Now, some of these cases are even an emergency type of situation. For example, one baby who was admitted to Rady was suffering from severe seizures that were flatlining the brain activity in the eight-day-old infant. Using DNA sequencing the team was able to trace the cause of those seizures to a pair of genetic mutations that cause a condition called pyridoxine-dependent deficiency, epilepsy, which is treatable with a form of vitamin B6. Within 36 hours of treating the infant, the seizures stopped.
Without this genomic information, it would have likely taken the doctors weeks of trial and error, testing one antiseizure medication after another, and waiting to see whether it worked, before they found the right treatment. Getting to the right diagnosis more quickly, Dr. Kingsmore said, likely saved this baby’s life.
Throughout adolescence and into our adulthood, we use DNA sequencing to screen for infectious diseases, to track disease outbreaks, to test for predisposition for disease, and even get a better understanding of cancer.
The study of cancer has been around for hundreds of years, but it wasn’t until scientists understood that carcinogens, or cancer-causing agents, were causing damage to DNA. This genetic understanding of the nature of cancer has even led to differences in the way we treat cancer.

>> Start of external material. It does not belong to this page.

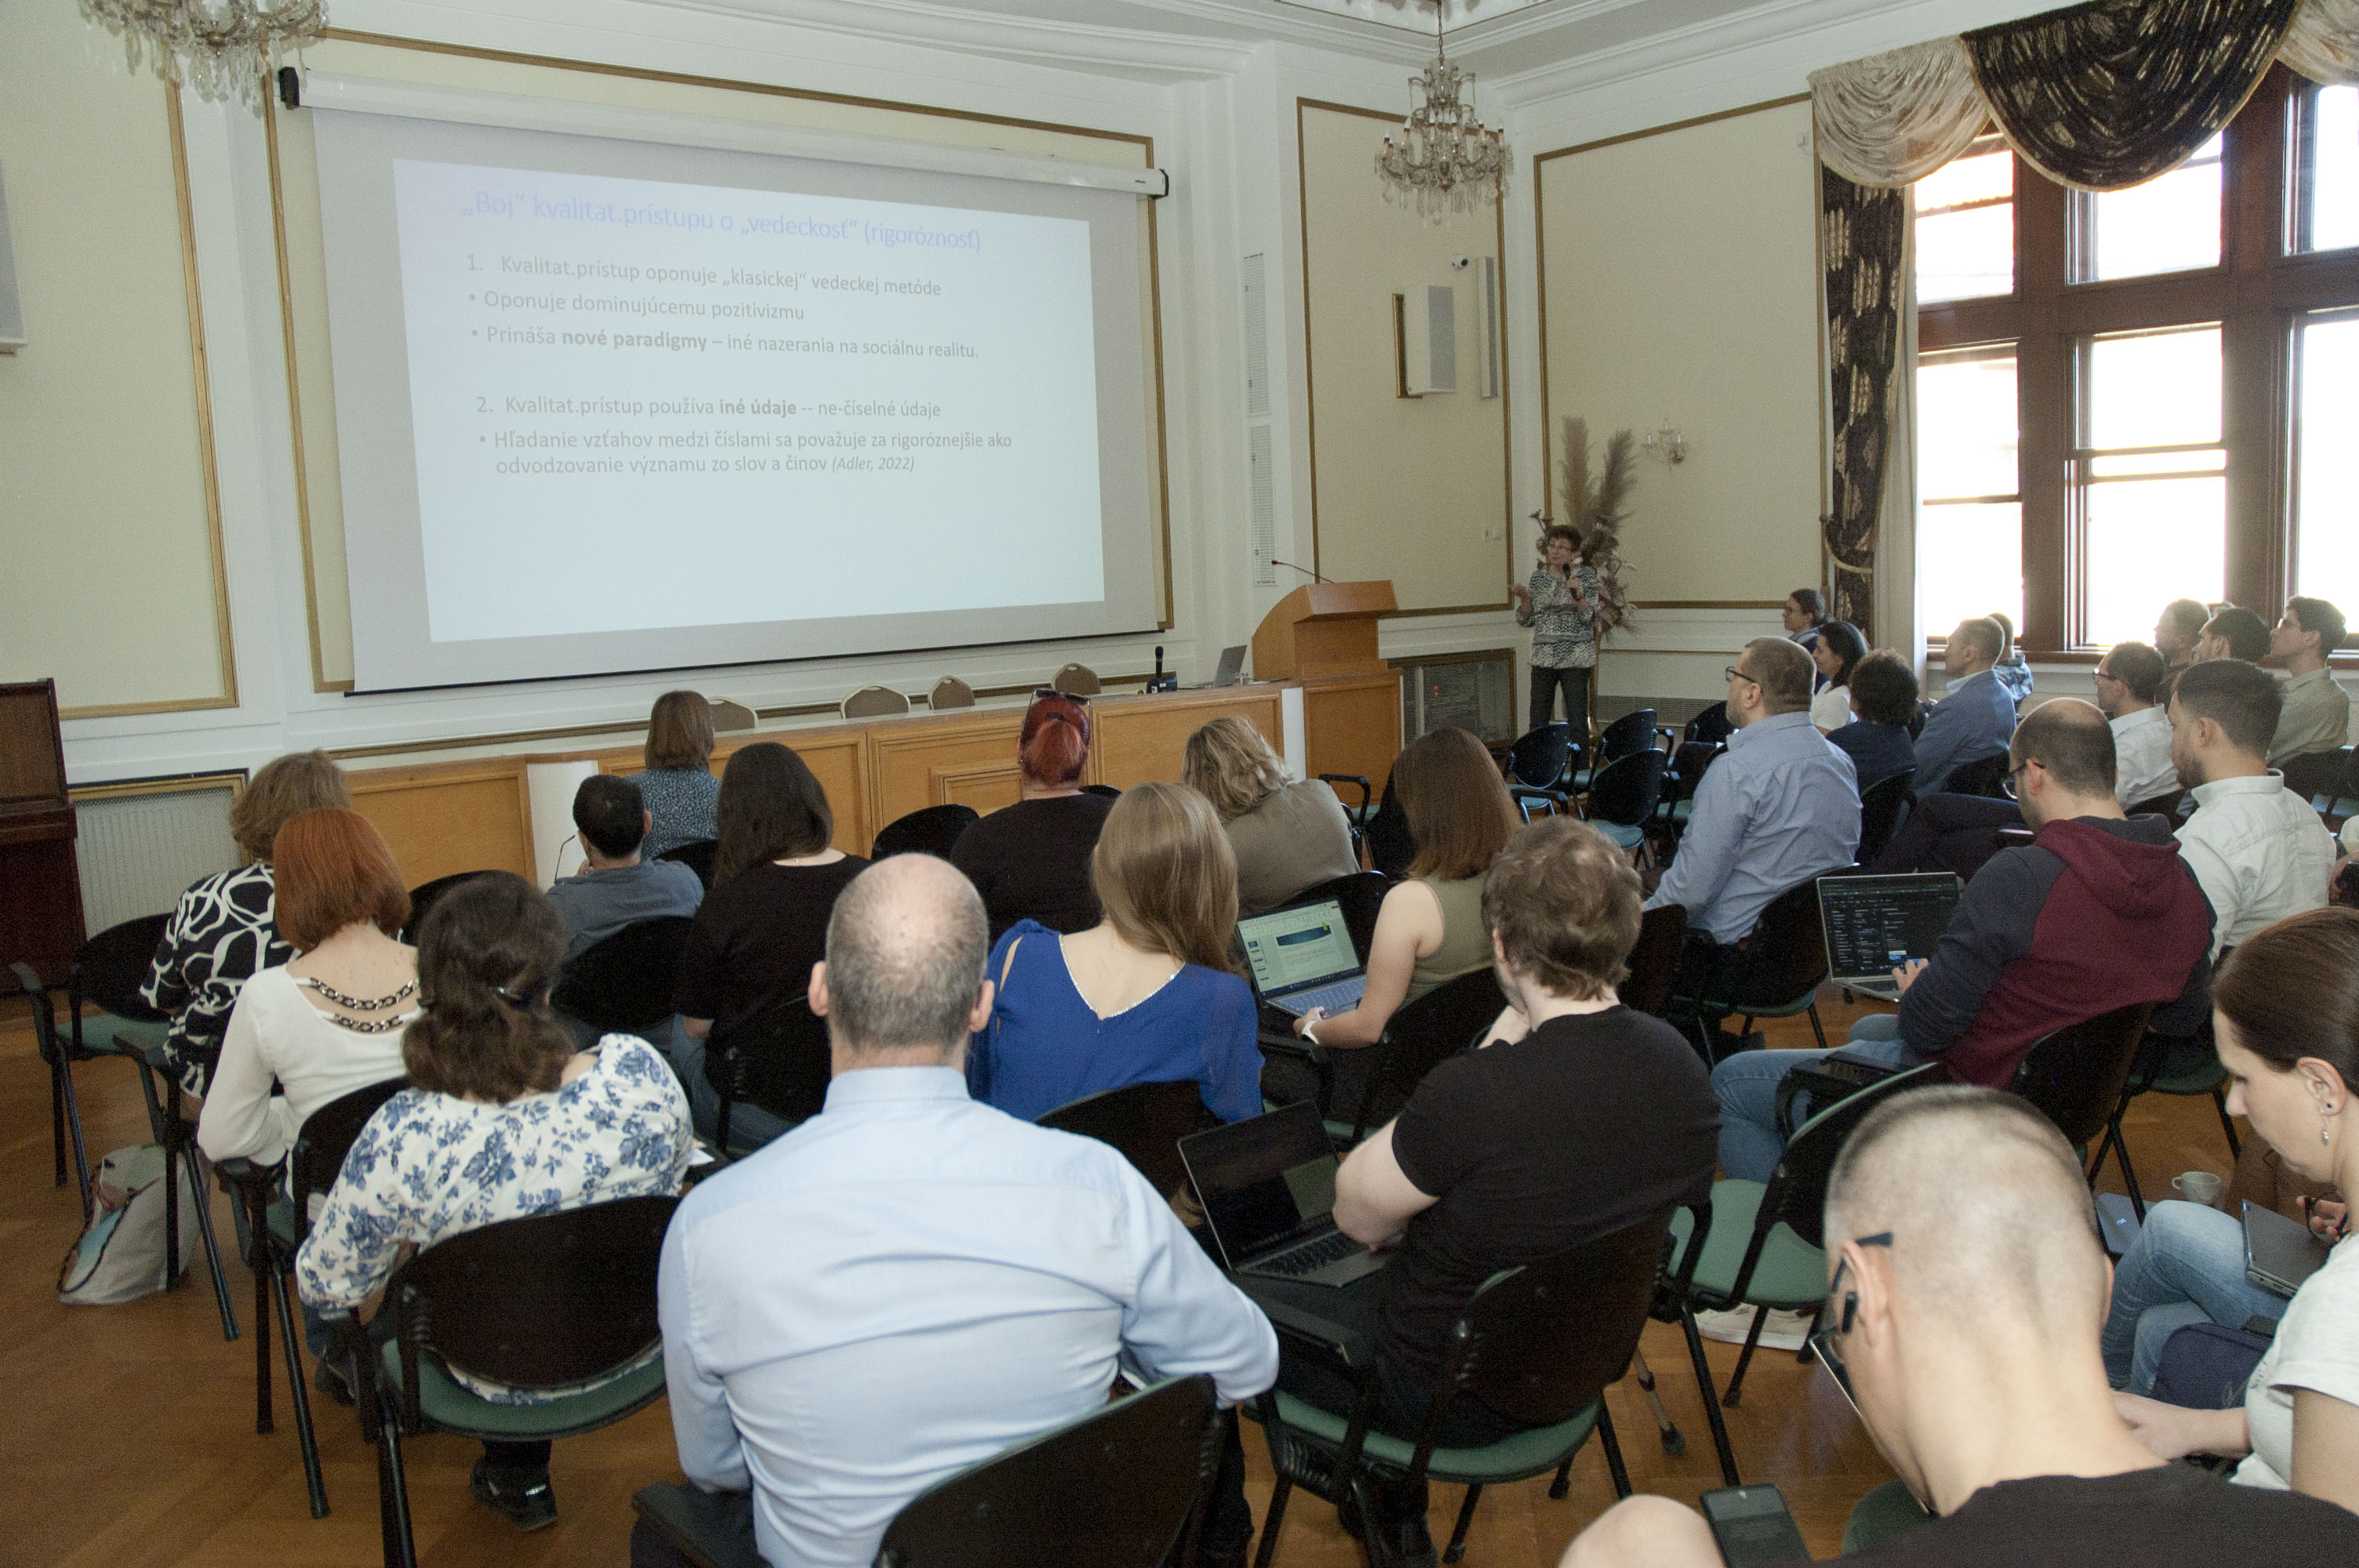 A successful first edition of the Research for Social and Psychological Sciences conference

We started with treating with surgery alone, and then moved to radiation and chemotherapy. Now, quite frequently, cancer is treated with targeted molecular therapies, which are therapies that are directed at specific unique variants in the genes that cause cancer. In fact, today, cancer is even thought of in the molecular terminology of cancer, not just lung cancer or breast cancer, but EGFR cancer or ALK cancer, described by the genes that caused the cancer.
More recently, newer therapies have evolved that harness the power of the patient’s own immune system to fight the cancer. Cancer cells are not normal and DNA damage doesn’t kill cancer cells. In fact, cancer cells often change or mutate in order to hide from our immune system.
These new immunotherapy drugs alert the immune system to these mutated cells so that it can locate and destroy those cancer cells. You’ve probably seen ads on TV for drugs like Opdivo, Yervoy, or maybe Keytruda. In fact, Keytruda was the drug that was used to treat former President Jimmy Carter.
The next revolution is already underway. We’re moving from treatment to prevention. Several companies are using DNA sequencing to look for cancer DNA that circulates in the blood in order to detect cancer earlier and earlier, even before symptoms appear or before a tumor can be seen on a scan. All from a simple tube of blood.
That all sounds great, but these technologies can’t help patients if they don’t have access to them. It turns out that the top cancer centers in the U.S. only treat about 10% of all cancer patients. That means 90% are in local hospitals and medical centers where this technology may not be available.
My goal and my drive is to enable labs all around the world to have access to this kind of technology so that patients can be closer to the technology that they need to get the best treatment. We’re working every day to make this technology simpler, faster, and more affordable in order to bring it closer to patients.
We are truly unlocking the power of the genome. From screening prior to and during pregnancy to testing for genetic diseases in newborns to screening for predisposition to molecular profiling of cancer, we’re using DNA sequencing to understand our individualized blueprint and use that information to inform better treatment decisions and improve quality of life.
We’re just getting started, though. There is much more to learn and much more to discover. Just like the internet or our smartphones, one day genomics will be a routine part of each one of our lives.